As defined by the US FEDERAL MARITIME COMMISSION ( FMC)  VOCCs have the following characteristics:
 
  • Holds itself out to the general public to provide transportation by water of passengers or cargo between the United States and a foreign country for compensation
  • Assumes responsibility for the transportation from the port or point of receipt to the port or point of destination
  • Uses, for all or part of that transportation, a vessel operating between a port in the United States and a port in a foreign country

VOCC is a shipping company with its own fleet . It is a common term for shipping companies that own ships and lease them to others, such as COSCO, ONE, MAERSK and CMA-CGM . The ship operator is responsible for cargo supervision; as well as safely transporting goods to the right port at the right time. The operation of the vessel and all related aspects is also the responsibility of the ship operator.


Timing-Chain International is a qualified FMC licensed NVOCC company to operate the North American trade route

What is NVOCCs (Non-Vessel Operating Common Carrier)

NVOCC is in fact a shipping company, a cargo consolidator because it does not own any ships. NVOCC can also be considered a shipping line (Carrier) because these companies operate and take responsibility for the goods like a real shipping line by issuing their own House Bill of Lading. NVOCC operates by renting bulk cargo space from ship owners (VOCCs) and reselling it to needy people (like forwarders) to enjoy the difference. It is also because of this large volume of space acquisition that NVOCCs have quite competitive rates thanks to their negotiating power with ship owners. NVOCC companies must enter into agreements, warranties and provide related services based on the original shipowner's terms. The House Bill of Lading issued by the NVOCC is valid as a Certificate of Loading, confirming the collection of specific goods and obliging the carrier to deliver the goods at the port of destination to the holder of the bill of lading. NVOCCs can include: TIMING-CHAIN INTERNATIONAL

Freight forwarder and the basic difference between Freight forwarder vs. NVOCC

Freight Forwarder is an intermediary, providing 3rd party logistics services (Third-party logistics-3PL). They stand out to receive the goods of the owner, or collect many small consignments (consolidate) into larger ones, then hire a carrier (shipping company, airline, garage) to transport from the starting point to the destination. destination point.

 

 Freight forwarder vs. NVOCC

  • NVOCC acts as carrier while Forwarder does not
  • NVOCC issues bill of lading while Forwarder does not
  • NVOCC is responsible for loss or damage while Forwarder is not
  • NVOCC only provides sea freight services while Freight Forwarder has a broader service such as shipping by sea, road, rail, air.
  • Forwarders cannot book directly with shipping lines for shipments to North America, but must go through NVOCC because of FMC Licensing.
  • NVOCC owns or can rent containers but forwarders do not.
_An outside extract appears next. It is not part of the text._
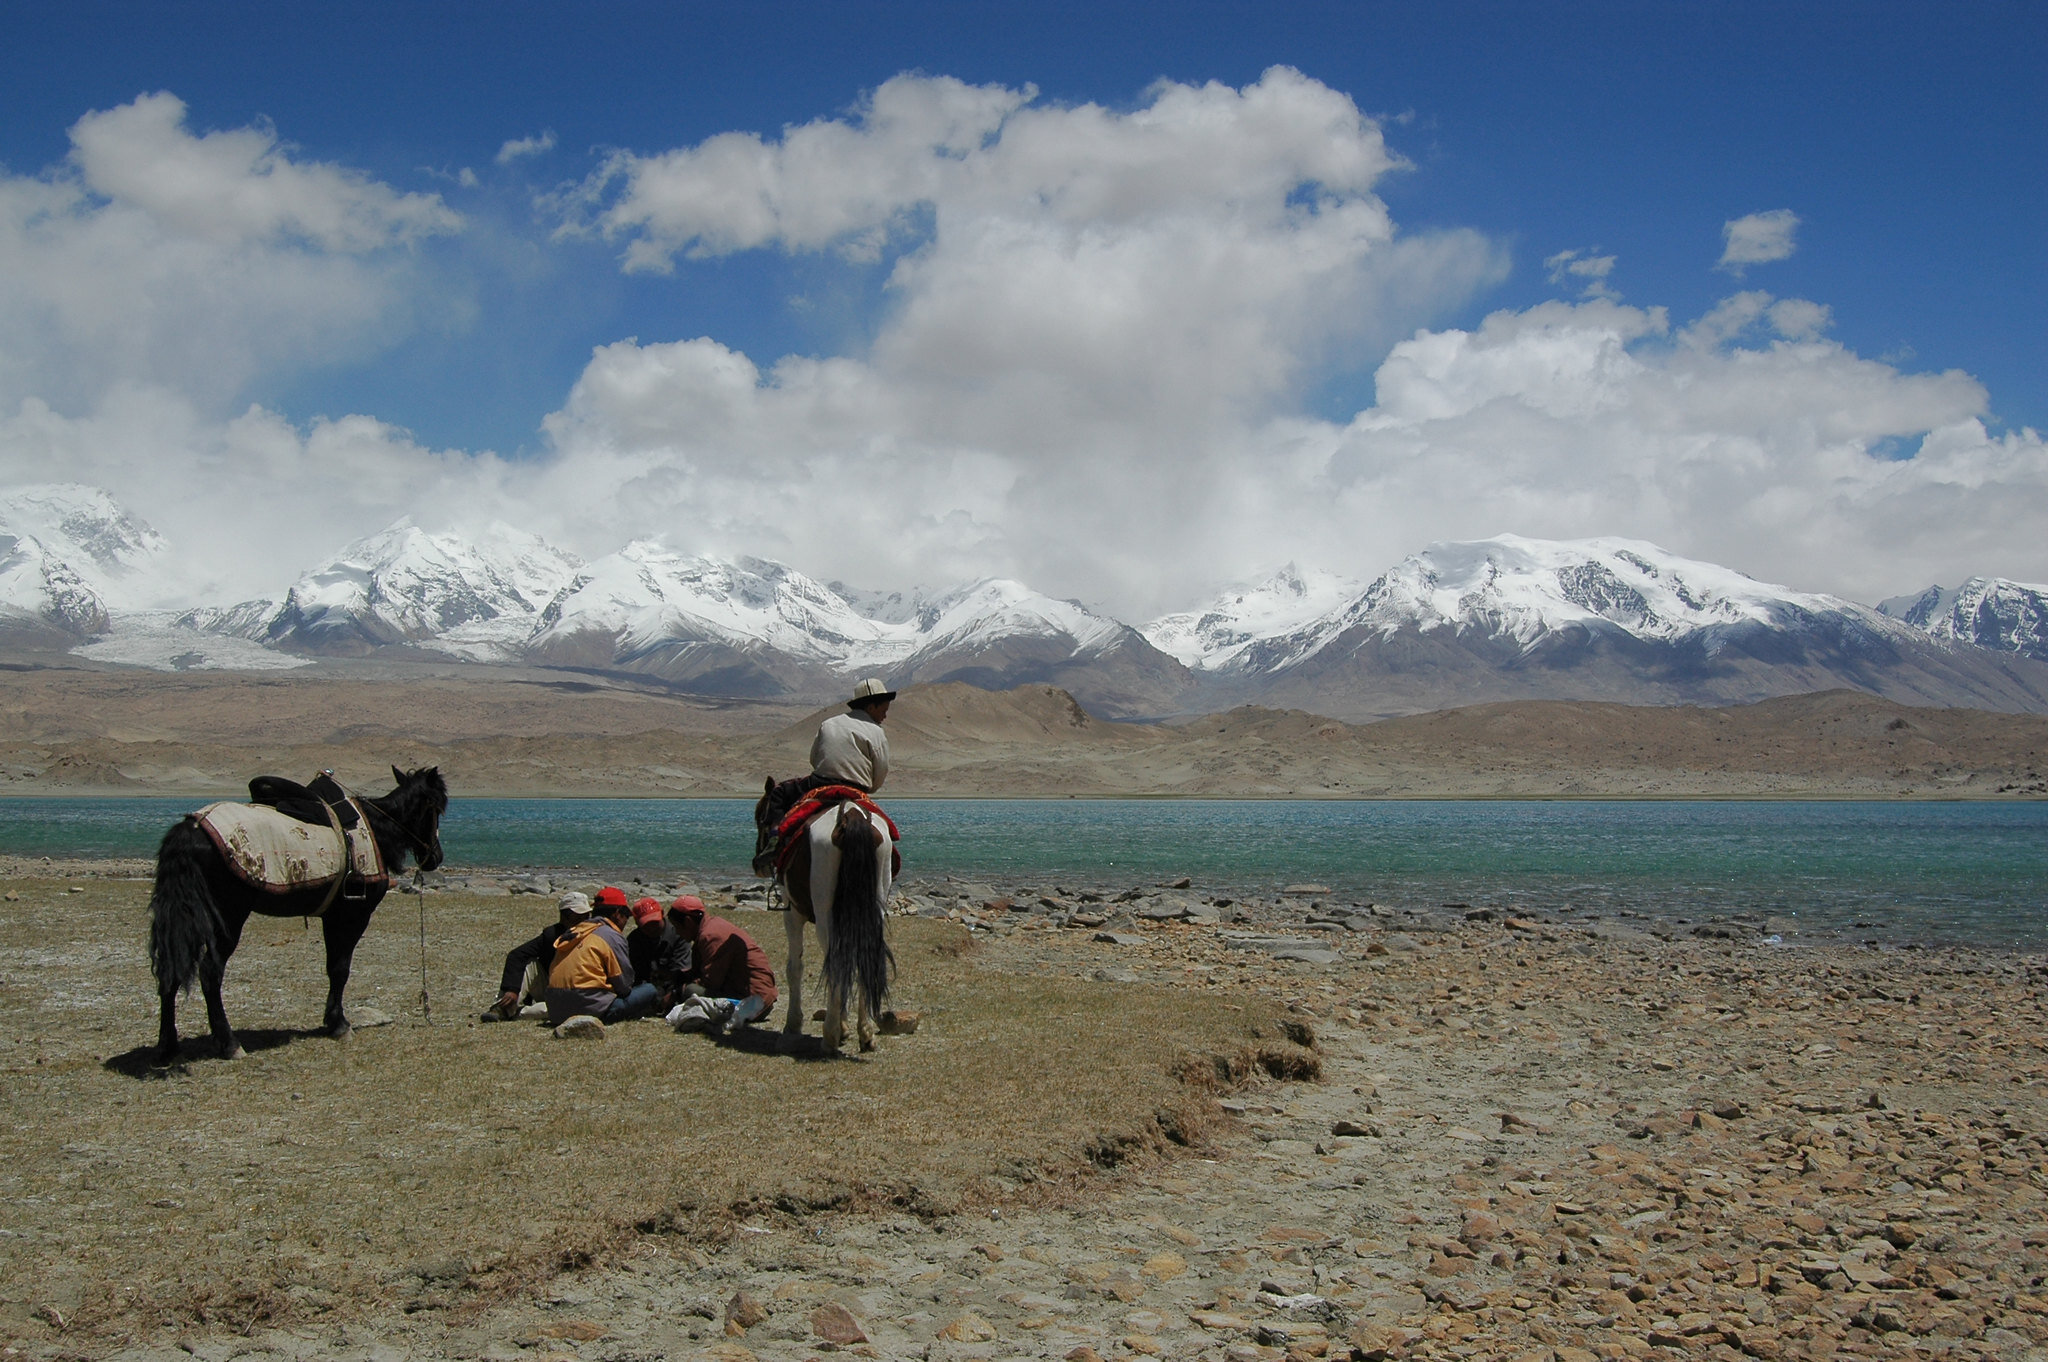 PICTURED: A group of Uighurs take a break from traveling across the vastness. Photo credit Richard Weil. CC. 2.0.

    In Vietnam, NVOCC is quite few and most of the companies operating in the forwarding field are Freight Forwarders. Forwarders can also issue to customers House Bill of Lading. Also because the Vietnam forwarder issues the House bill, so the forwarder is also responsible for the risks of the goods to the shipper. 

 So Timing-Chain International has brought you the most distinguishable approach to the concepts of VOCC, NVOCC and Freight Forwarder. Hope the article is useful to you!